Até que o rapaz ouviu a voz mais doce, mais pura, mais linda da sua vida, dizendo: “Levi, teu nome está escrito na palma de minha mão². Antes que tu fosses gerado no seio de tua mãe, eu já te escolhi e te amei!  Quer ajudar a construir a nossa Igreja com teu amor?”

“Deus nos deixa partir, porque se forçasse a permanência ao lado Dele, não teria um filho, teria um escravo.
Quando a gente volta, Deus nada acusa, nada relembra.

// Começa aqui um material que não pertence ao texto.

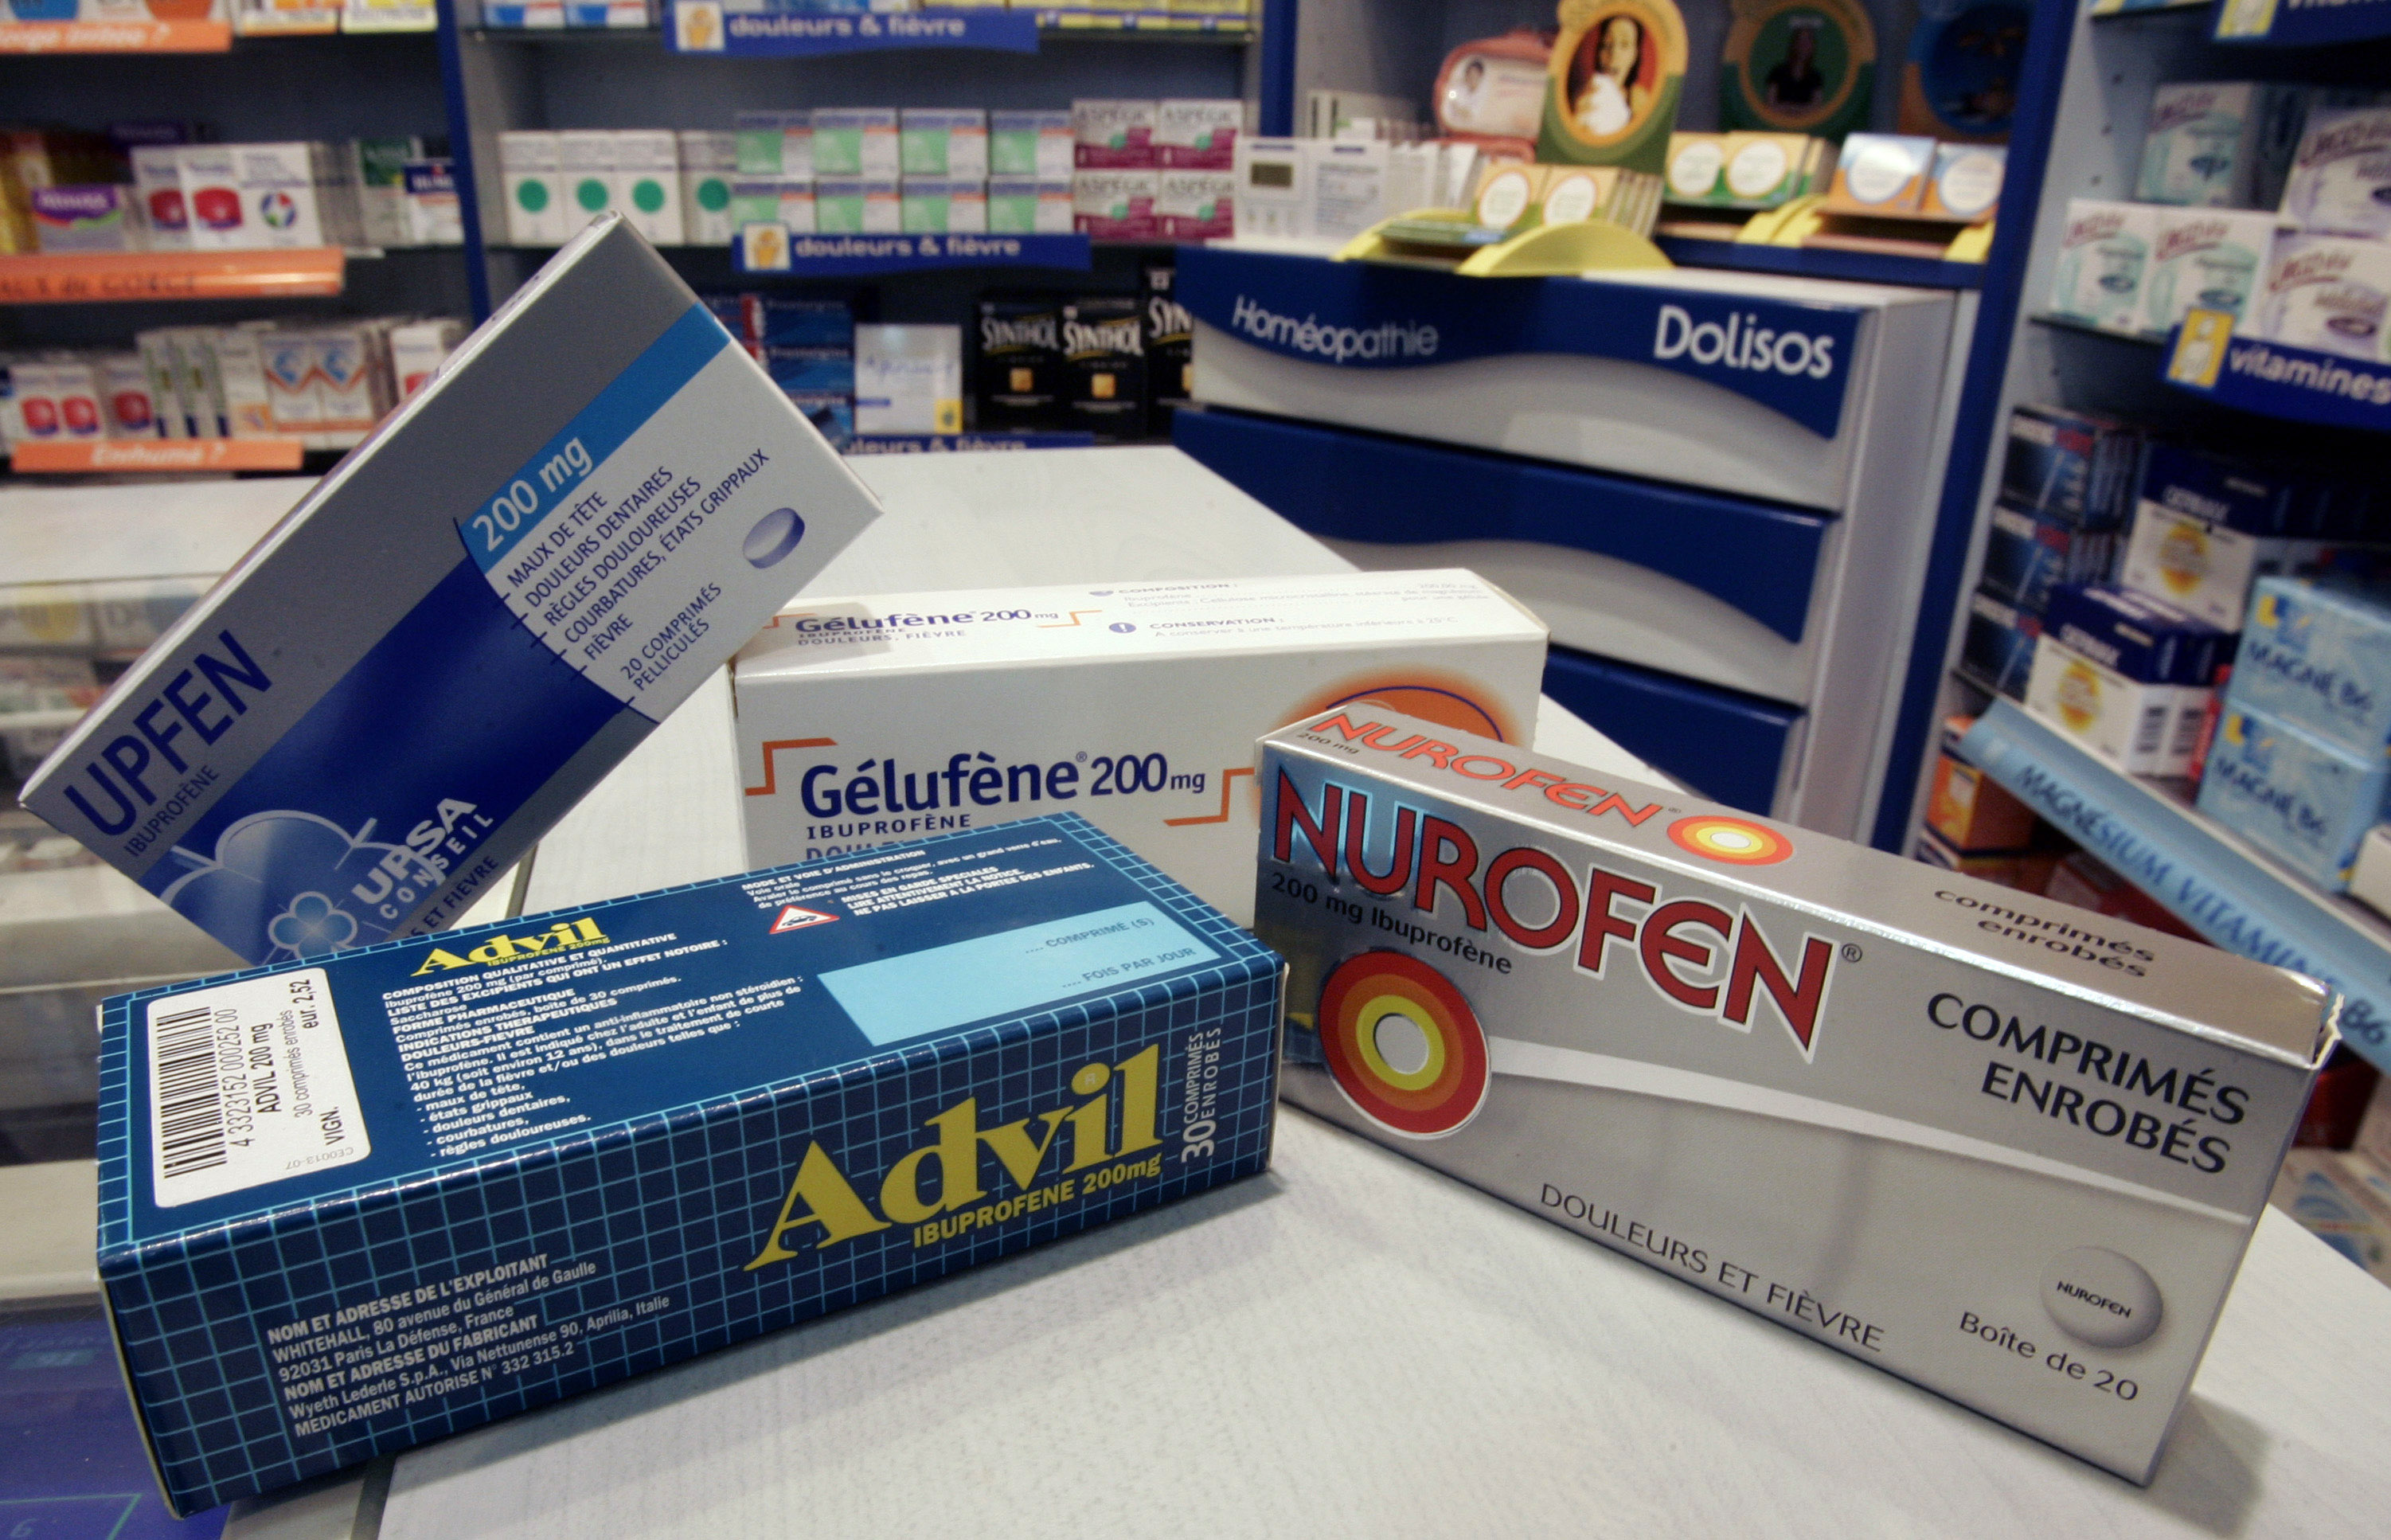 Ibuprofén-tartalmú szabad forgalmazású gyógyszerek Franciaországban

Na volta, Ele não tem memória. Tem só coração.”
(Pe. João Mohana)

E o coração cansado do rapaz, resolveu voltar. Deu-Lhe um forte abraço e falou: “Amo-te, Senhor, ou pelo menos parece-me que sim. Não com um coração ardente... Nem mesmo com um coração penitente! Mas com um coração simples cheio de fraquezas e boa vontade, mais sujeito ao mal do que desejaria: e que SEMPRE volta a Ti.³”

Era o novo “sim” de um rapaz que tinha uma vida inteira pela frente: novos desafios, novos acertos, novos erros, e após dessa noite uma fé maior. Abalável, mas maior.

“Filhinho, estou e estarei contigo para todo sempre!” respondeu Jesus em uma atitude compreensiva. O Amor de um Deus não tem limites!

Porém, após dizer estas palavras, o Homem desapareceu diante dos olhos do rapaz. E o coração de Levi finalmente ardia... E como ardia! Estamos falando do Jesus da Quaresma, do Jesus que renasce em cada um de nós.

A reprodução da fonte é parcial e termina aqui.